2. Die Wandlungen des Simplicissimus: Dieser Abschnitt analysiert die verschiedenen Entwicklungsphasen des Helden im Kontext seiner moralischen Entwicklung und Sünden.
2.1 Kindheit als Dasein in Unwissenheit: Das Kapitel beschreibt den kindlich-naiven Zustand des Helden vor seiner ersten Begegnung mit dem christlichen Glauben.
2.2 Die Belehrung durch den Einsiedel: Hier wird die Rolle des Einsiedlers als geistiger Vater und Lehrer dargelegt, der dem Protagonisten grundlegende religiöse Werte vermittelt.
2.3 Der „Eintritt“ in die Welt: Dieses Kapitel behandelt das Scheitern der erlernten Moral angesichts der Verlockungen und Grausamkeiten der Welt nach dem Tod des Einsiedlers.
2.4 Das Auf und Ab des „Sündenwegs“: Hier wird der Prozess der zunehmenden Verstrickung des Protagonisten in verschiedene Laster während seiner Zeit als Soldat analysiert.
2.4.1 Vom „Reuterjungen“ zum Jäger von Soest: Das Kapitel beleuchtet den Aufstieg des Helden im Militär und die damit verbundene Verstärkung seines sündhaften Lebensstils.
2.4.2 Gefangenschaft in Lippstadt: Hier wird die Phase der Gefangenschaft beschrieben, in der der Protagonist erneut mit verschiedenen Versuchungen konfrontiert wird.
2.4.3 Reisetätigkeiten: Dieses Kapitel thematisiert die moralischen Verfehlungen des Helden während seiner Reisen durch verschiedene europäische Orte.
2.4.4 Gewissensbisse: Das Kapitel analysiert die wiederkehrenden Phasen der Reue und des schlechten Gewissens, die jedoch keine dauerhafte Verhaltensänderung herbeiführen.
2.5 Versuch einer „Abkehr“ von der Welt: Hier wird der gescheiterte Versuch des Protagonisten beschrieben, nach einem Eheleben und diversen Krisen sesshaft und moralisch zu werden.
2.6 Die „Abkehr“ von der Welt: Das Kapitel beschreibt die endgültige Abkehr des Helden, die erst durch die isolation auf einer einsamen Insel erfolgreich eingeleitet wird.
3. Fazit: Die Zusammenfassung bilanziert, dass eine moralische Läuterung des Individuums aus eigener Kraft im Kontext des Romans unmöglich erscheint.

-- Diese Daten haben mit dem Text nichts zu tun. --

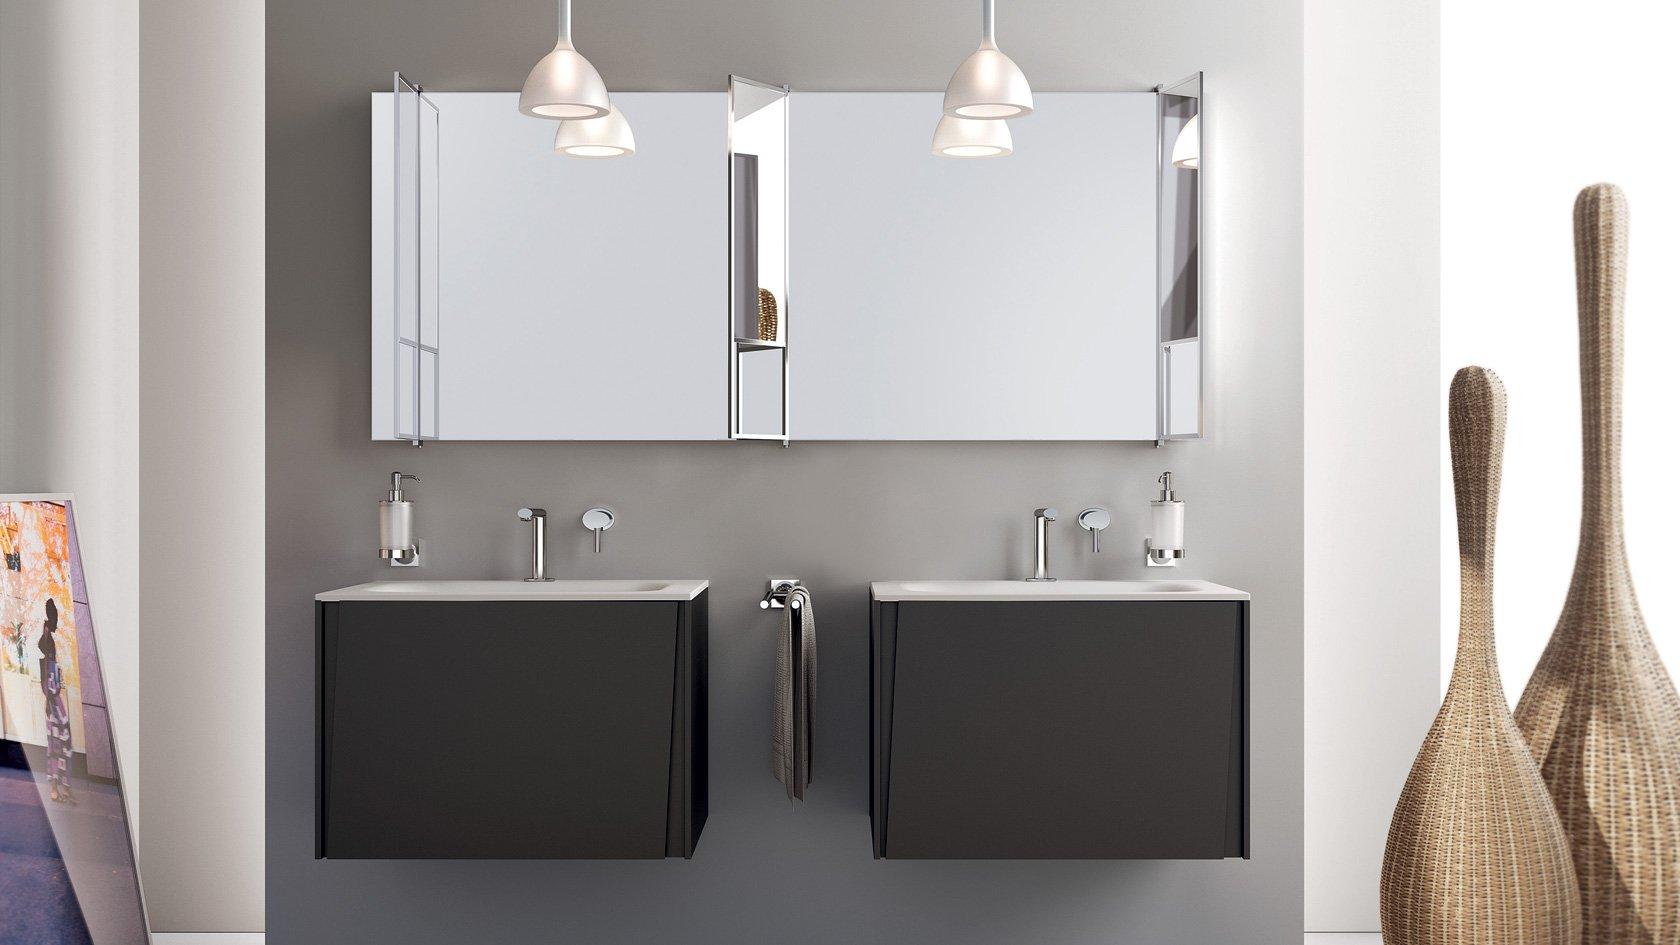 lavabi quadrati in un bagno

4. Bibliographie: Dieses Verzeichnis führt die verwendete Primär- und Sekundärliteratur auf.
Schlüsselwörter
Simplicissimus Teutsch, Grimmelshausen, Wandlungen, Moral, Einsiedel, Sündenweg, Weltflucht, barocke Literatur, Bildungsroman, Allegorie, Religion, Laster, Busse, Identität, Satire.
Häufig gestellte Fragen
Worum geht es in der Arbeit grundlegend?
Die Arbeit untersucht die Entwicklung und die moralischen Wandlungen des Protagonisten Simplicius im Roman von Grimmelshausen.

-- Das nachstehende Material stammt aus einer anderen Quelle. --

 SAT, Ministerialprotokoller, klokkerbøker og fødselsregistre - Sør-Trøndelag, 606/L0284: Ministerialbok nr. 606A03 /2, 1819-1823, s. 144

Was sind die zentralen Themenfelder der Untersuchung?
Im Zentrum stehen die Konzepte von Laster, Buße, moralischer Erziehung und die Problematik einer dauerhaften Abkehr von der weltlichen Sphäre.

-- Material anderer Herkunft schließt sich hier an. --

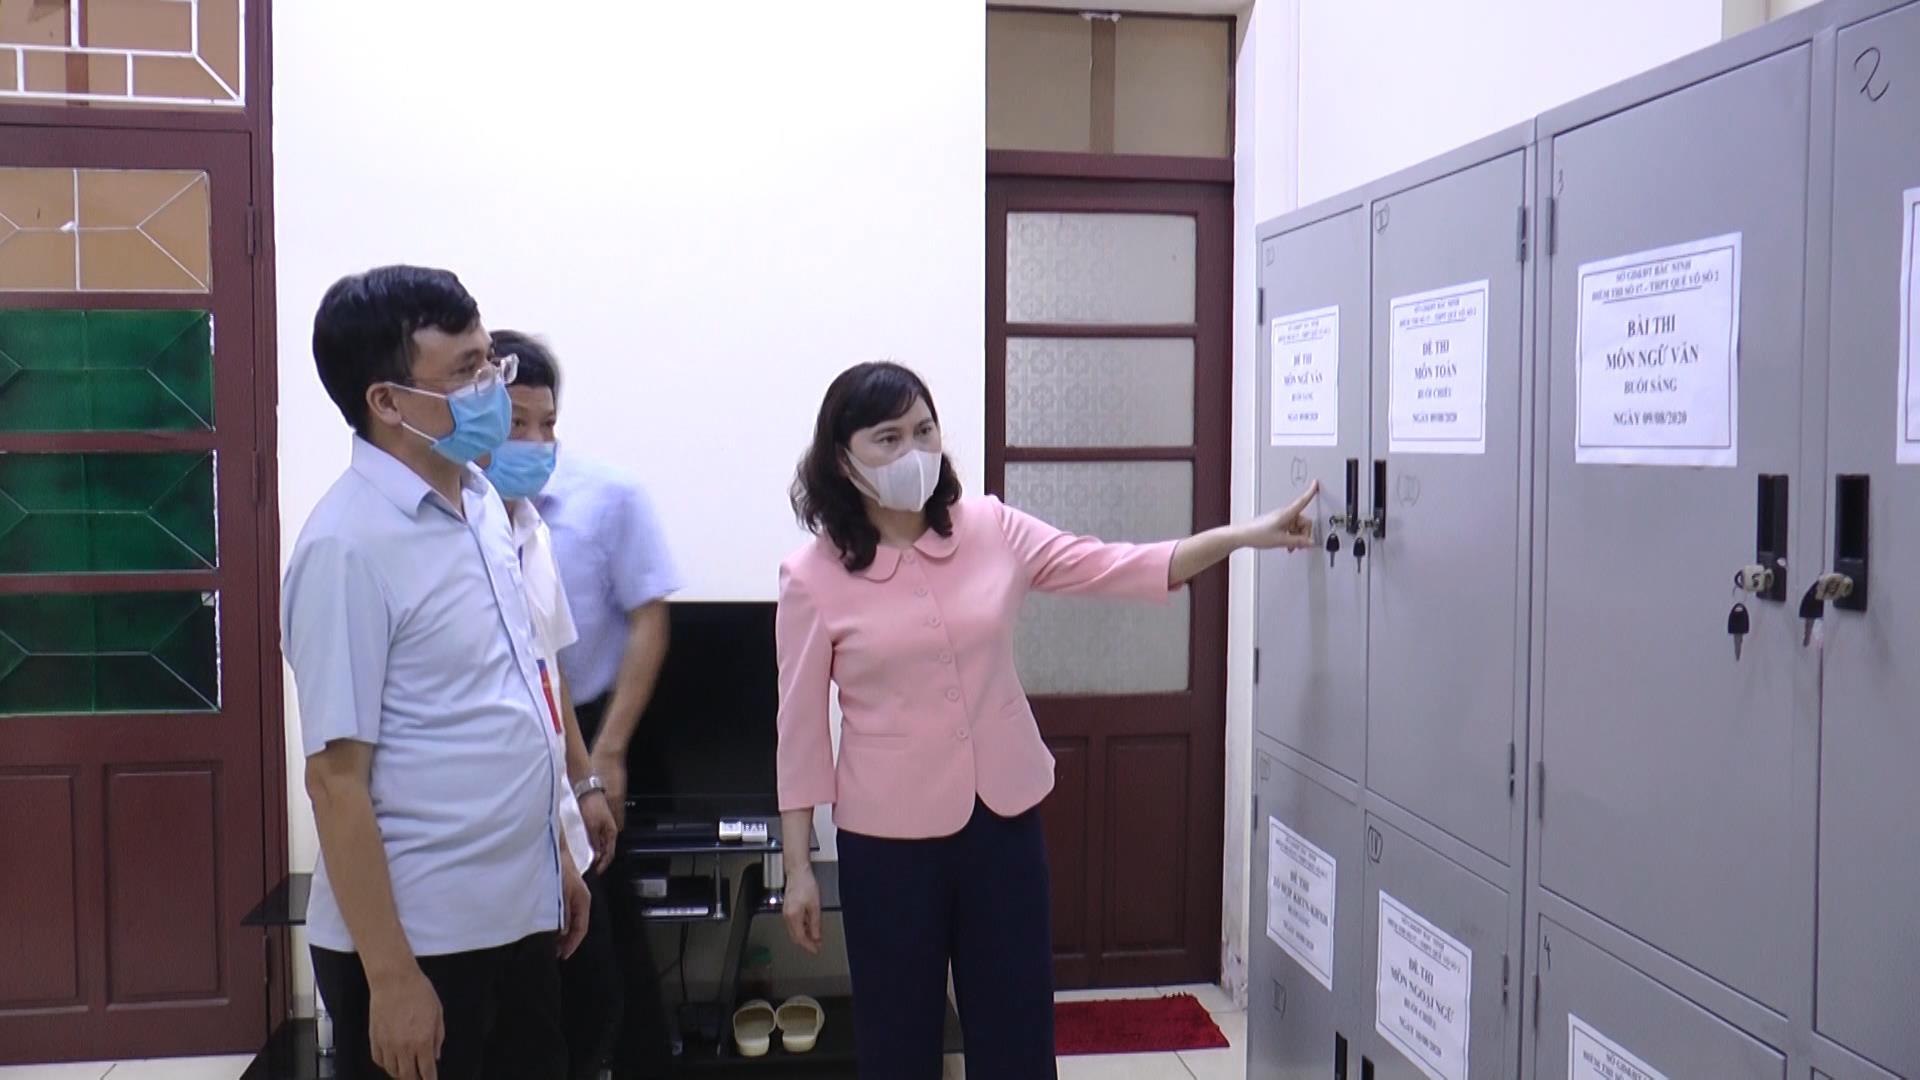 Phó trưởng Đoàn ĐBQH tỉnh Trần Thị Hằng kiểm tra công tác chuẩn bị Kỳ thi tốt nghiệp THPT năm 2020

Was ist das primäre Ziel der Arbeit?
Das Ziel ist die Nachzeichnung der verschiedenen Lebensphasen des Helden unter Berücksichtigung der Lehren des Einsiedlers und der göttlichen Fügung.
Welche wissenschaftliche Methode wird verwendet?
Die Arbeit nutzt eine literaturwissenschaftliche Analyse des Romantextes unter Einbeziehung relevanter Sekundärliteratur und zeitgenössischer moraltheologischer Konzepte.
Was wird im Hauptteil der Arbeit behandelt?
Der Hauptteil gliedert den Lebensweg von der kindlichen Unwissenheit über die verschiedenen militärischen und sozialen Stationen bis hin zur endgültigen Isolation auf einer Insel.
Welche Schlüsselbegriffe charakterisieren die Arbeit?
Die Arbeit wird maßgeblich durch Begriffe wie Sündenweg, barocke Welttheater-Vorstellung, Moraltheologie, Weltflucht und Identitätswandel charakterisiert.
Wie ist die Rolle des Einsiedlers für den Protagonisten zu bewerten?
Der Einsiedler fungiert als moralischer Kompass, dessen Lehre Simplicius zwar theoretisch versteht, in der Praxis jedoch erst nach einer schicksalhaften Abgeschiedenheit verinnerlicht.
Warum gelingt Simplicius die Abkehr von der Welt erst auf der Insel?
Die Isolation auf der Insel entzieht ihn den sozialen Strukturen und Versuchungen, was die notwendige Distanz zur Welt schafft, die für eine echte Buße erforderlich ist.